Get Body Confident: 6 Tips From Mental Health Experts – Woman's World


We all love warmer weather and longer days — but summer can also be stressful. To stay cool and comfortable this time of year, we have to bare body parts that have been under wraps all winter. Try to remember that a positive attitude goes a long way. Here are some easy tips to get body confident and ultimately feel happier in your own skin.
“When you’re convinced others are judging you, remind yourself this isn’t true — it’s a distortion,” says Susan Krauss Whitbourne, PhD, author of The Search for Fulfillment To bring this point home, ask yourself what you notice about others. “For example, when you walk by a woman pushing her grandchild’s stroller, you don’t see ‘old’ hands gripping the handles; you see the joy in her face,” Whitbourne notes. This principle applies to us all: It’s not our appearance that makes a lasting impression, it’s the good we exude.

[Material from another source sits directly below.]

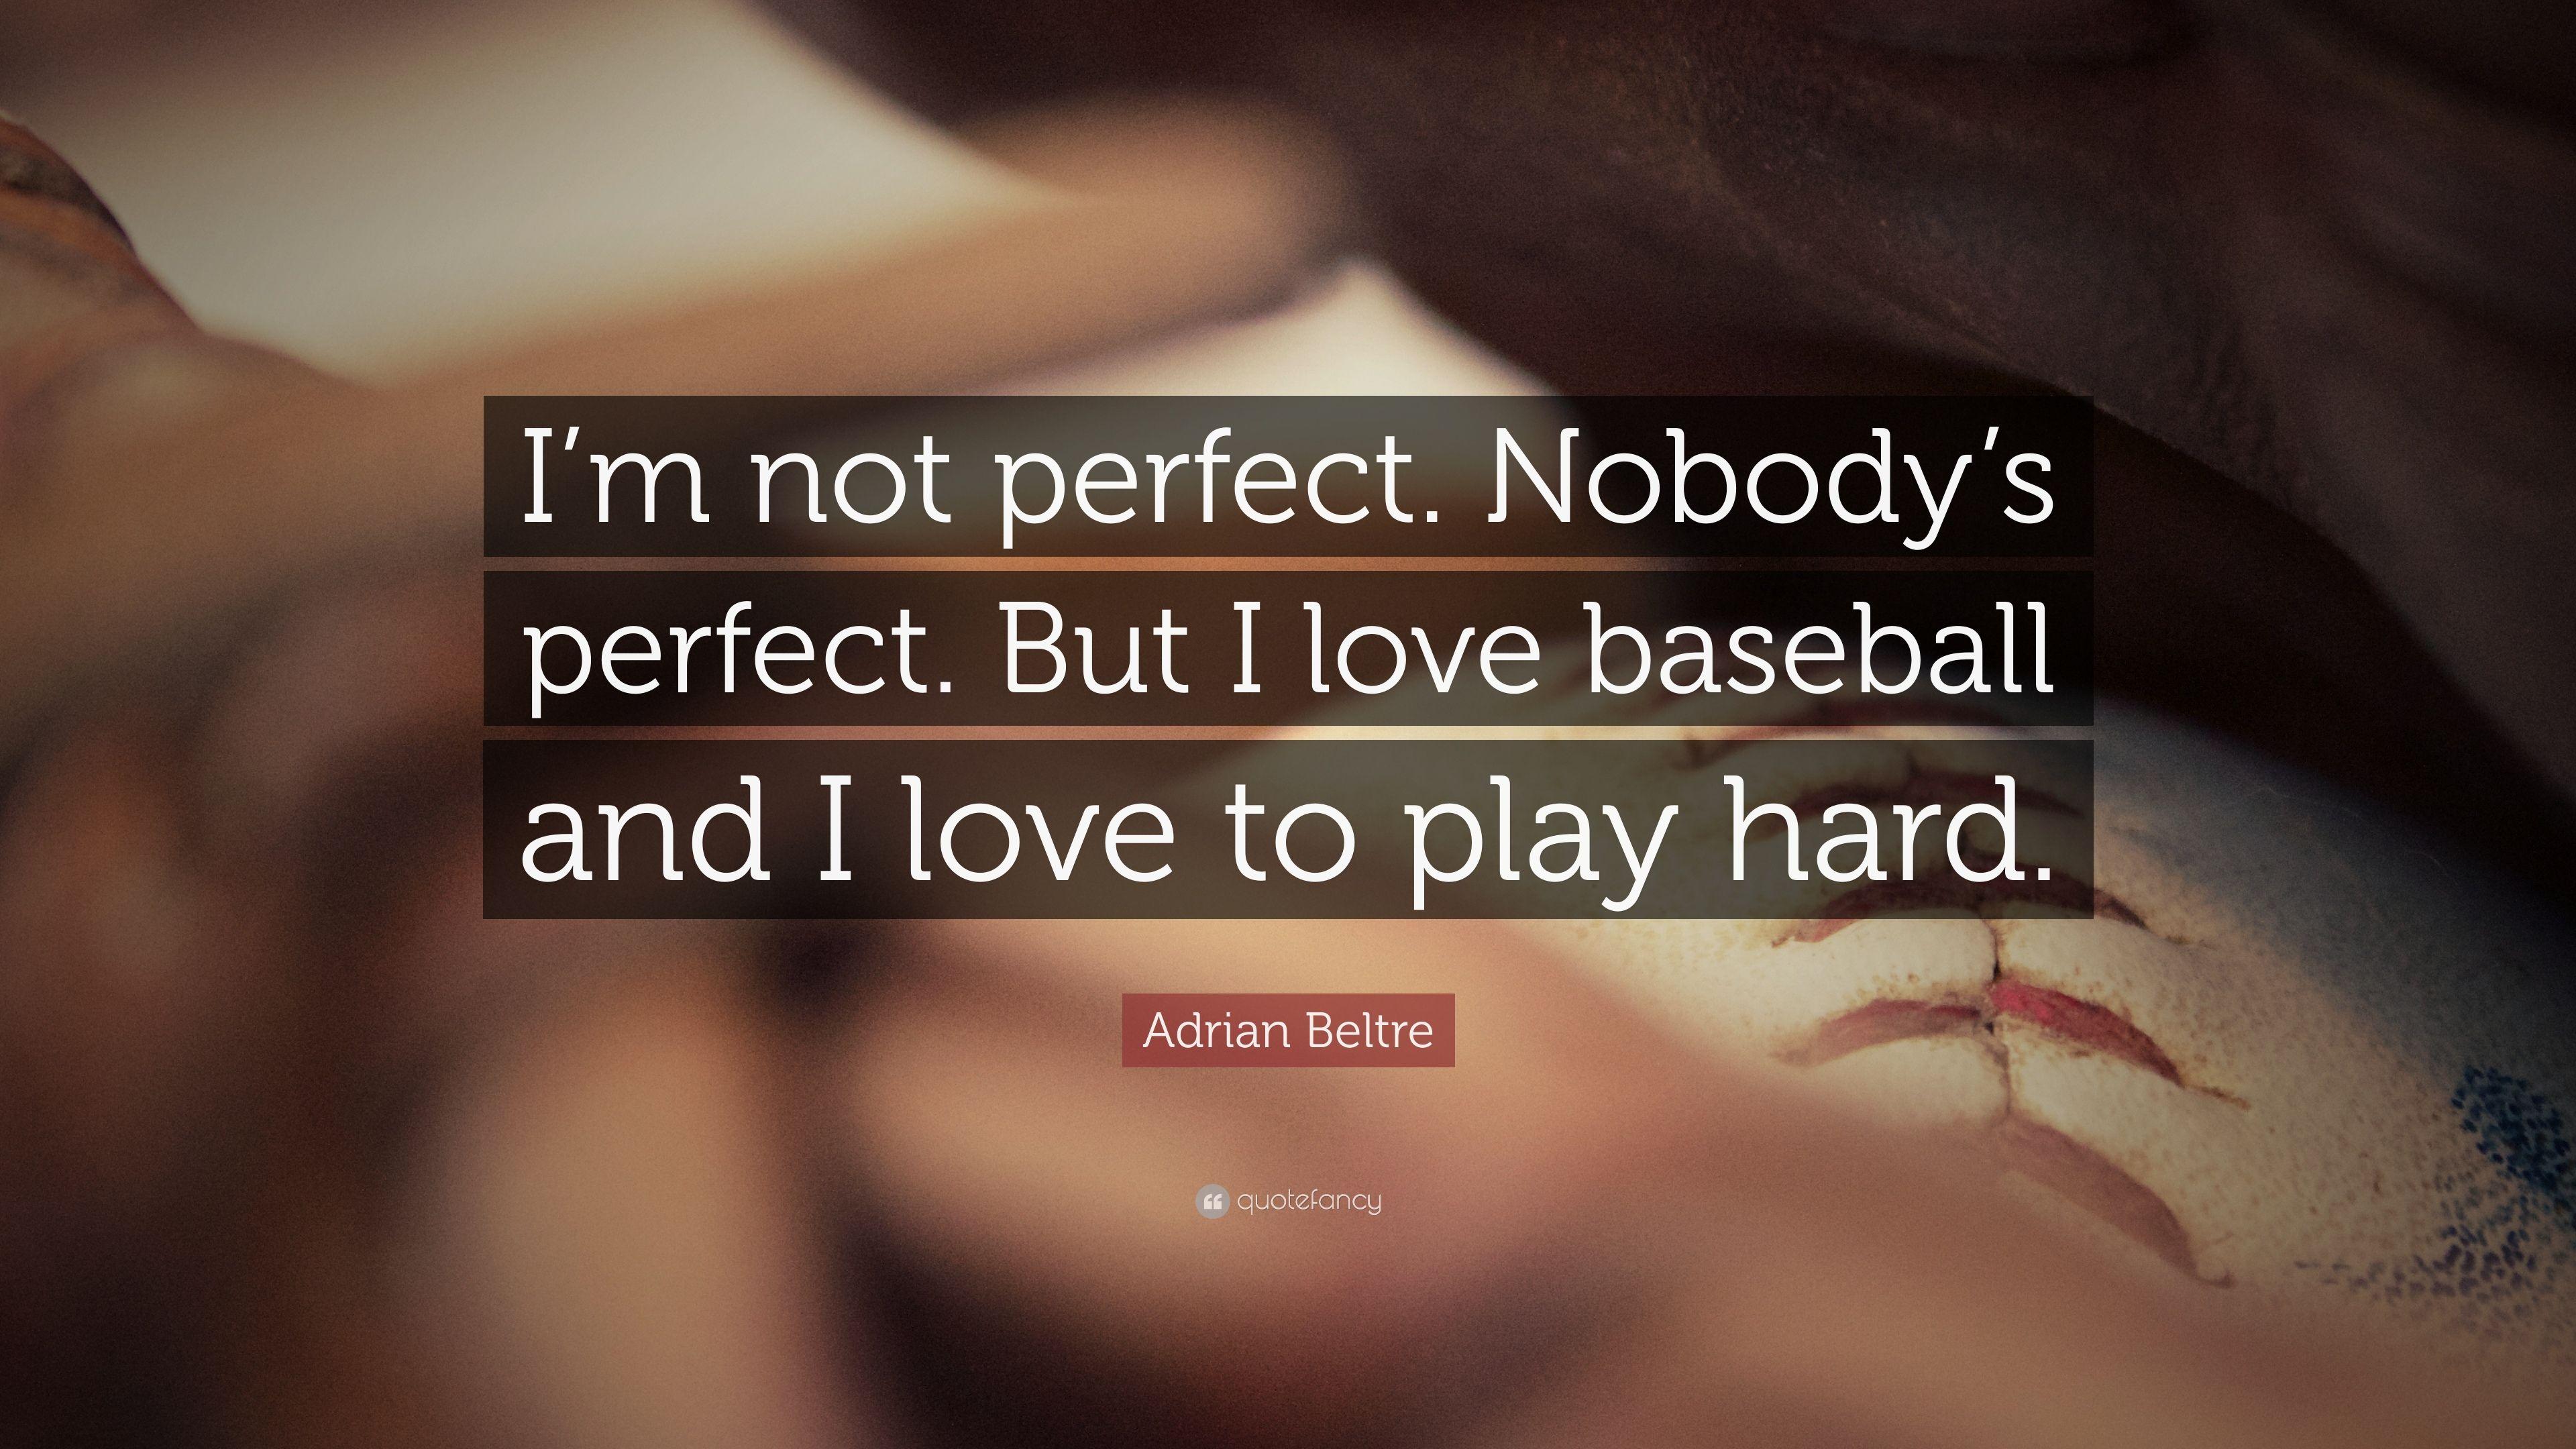 Nobody's perfect. 
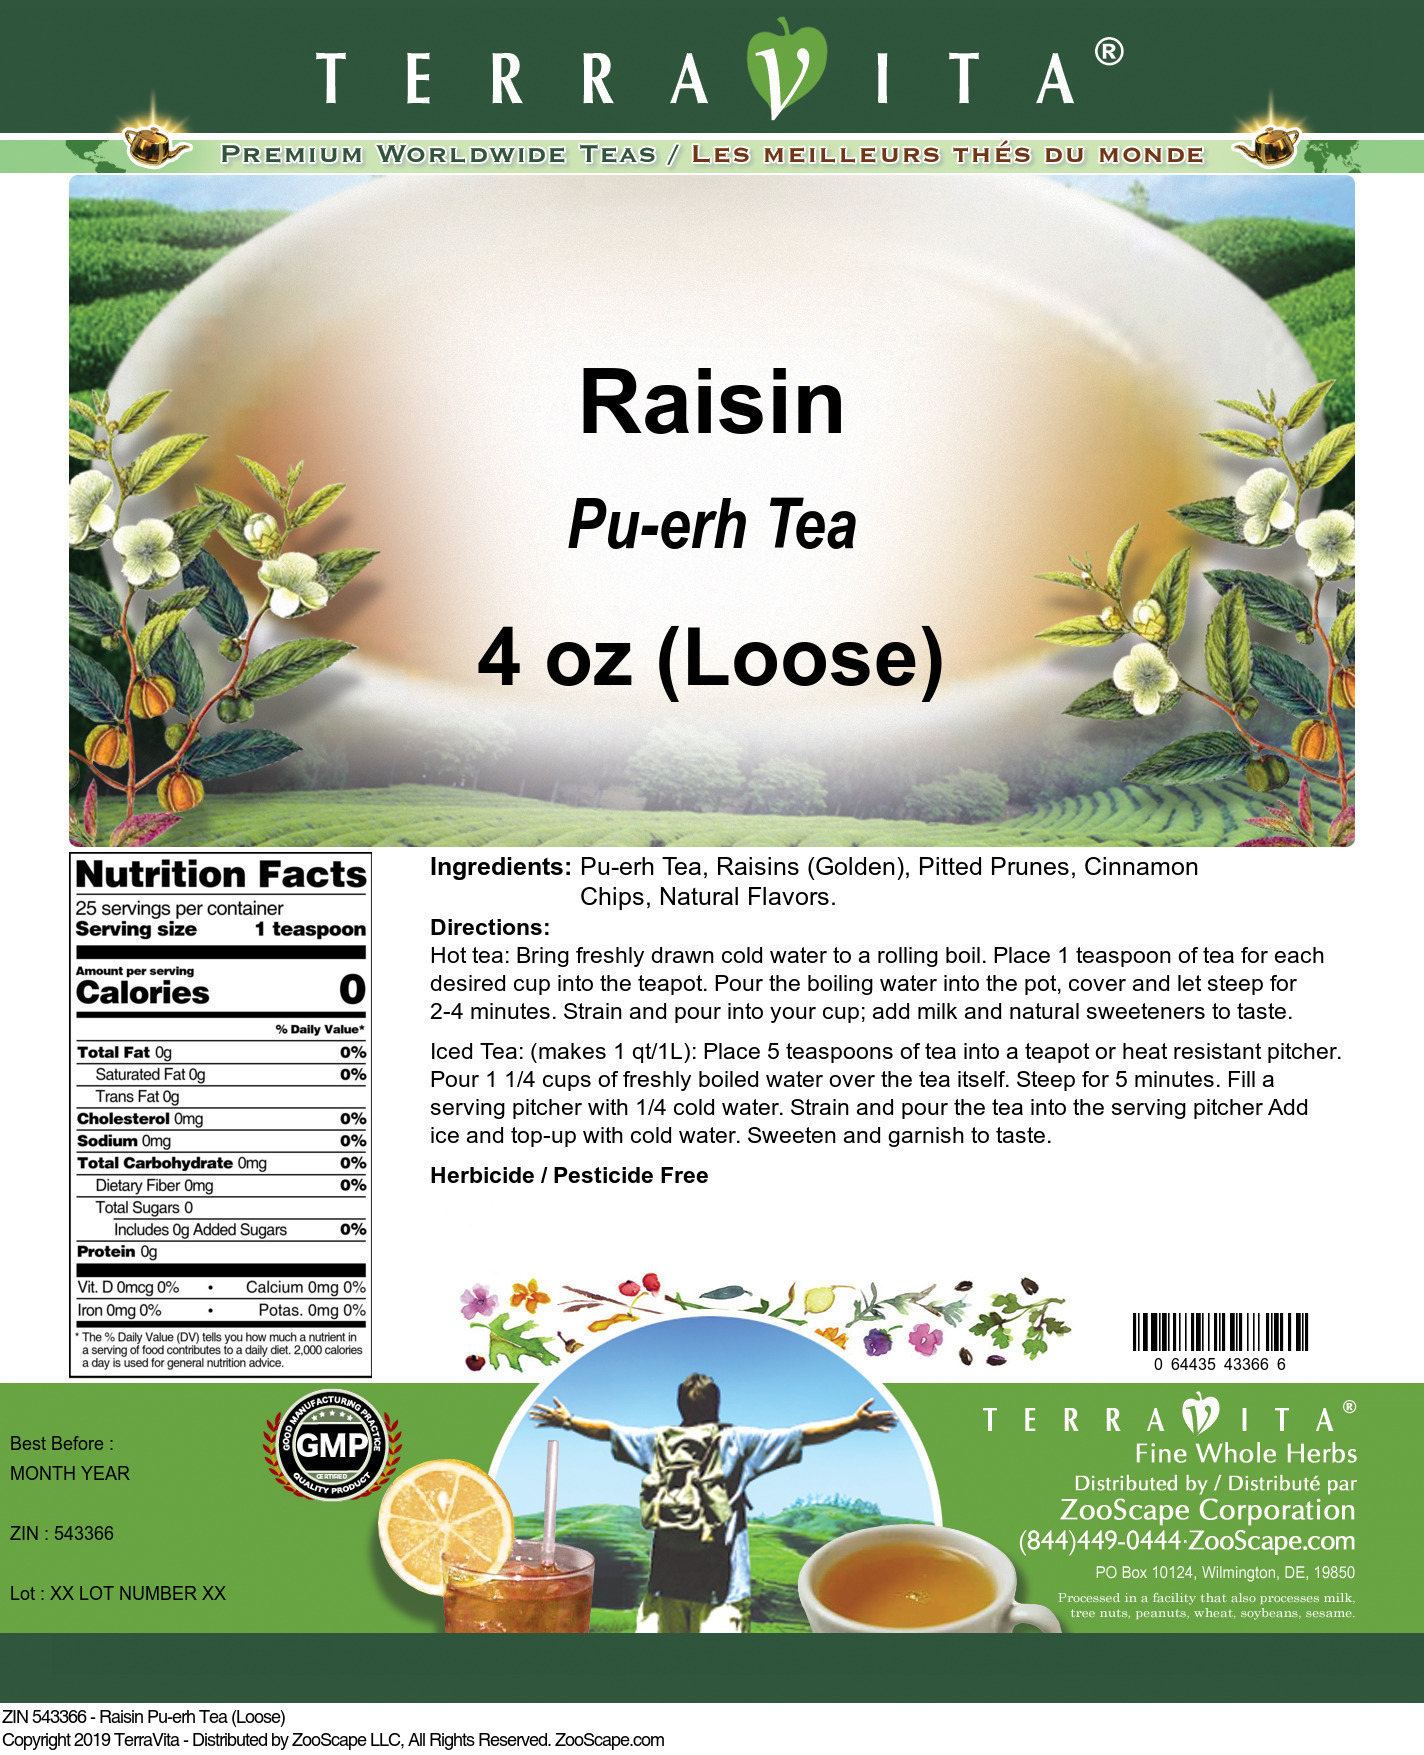 Raisin Pu-erh Tea (Loose) - Label

“No one is delighted when they look in the mirror and see their mother, or, God forbid, their grandmother,” says expert Carol Orsborn, PhD, the author of over 30 books about spirituality and aging. Well, at least not at first. “My grandmother had a big belly as she got older, and when I saw that in my reflection, I hated it — but then I said to myself, ‘If I loved my grandma with her bump, I have to show myself the same compassion.’” This acceptance is a spiritual practice, she says. “I’m not in control of everything, but I am in control of how I treat myself.”
When we feel less than great about ourselves, we often want to hide away — but sharing what we’re going through helps us feel better faster, assures size-dignity activist Amanda Martinez Beck. “Just tell a trusted friend, ‘I’ve been struggling with X insecurities, and I wonder if you have too.’ Solidarity is so important to boosting confidence.”
“The purpose of our bodies is not perfection — it’s the relationships they allow with others,” declares Beck, who jots this mantra on sticky notes to keep it at the front of her mind. “I know so many women of all ages are embarrassed by their arms, for example,” she says. “Focus instead on what your body does for you, by saying things like, ‘My arms are strong enough to hug my kids,’ or ‘My thighs support my grandkids on my lap.’” Purpose trumps “perfection” every time.
It’s just as bad for our self-esteem to pretend nothing has changed about our appearance over the years as it is to get upset over every new age spot, says Whitbourne. “The first time you notice more wrinkles around your eyes, it’s disorienting, and that’s okay. You can say, ‘I’m changing and I accept that things are softening around the edges.’ The key is to gradually bring these shifts into your new identity as you get older by showing yourself grace.”
To boost your confidence in the moment, picture yourself five, 10, or even 20 years from now, urges Beck. “Envision yourself as an older woman thinking back on the present — what do you reflect on? Is it how you looked in a bathing suit or is it the memories you made on the beach with your family?” Seeing your future self puts you in touch with your deepest values, spurring you to make the most of every moment.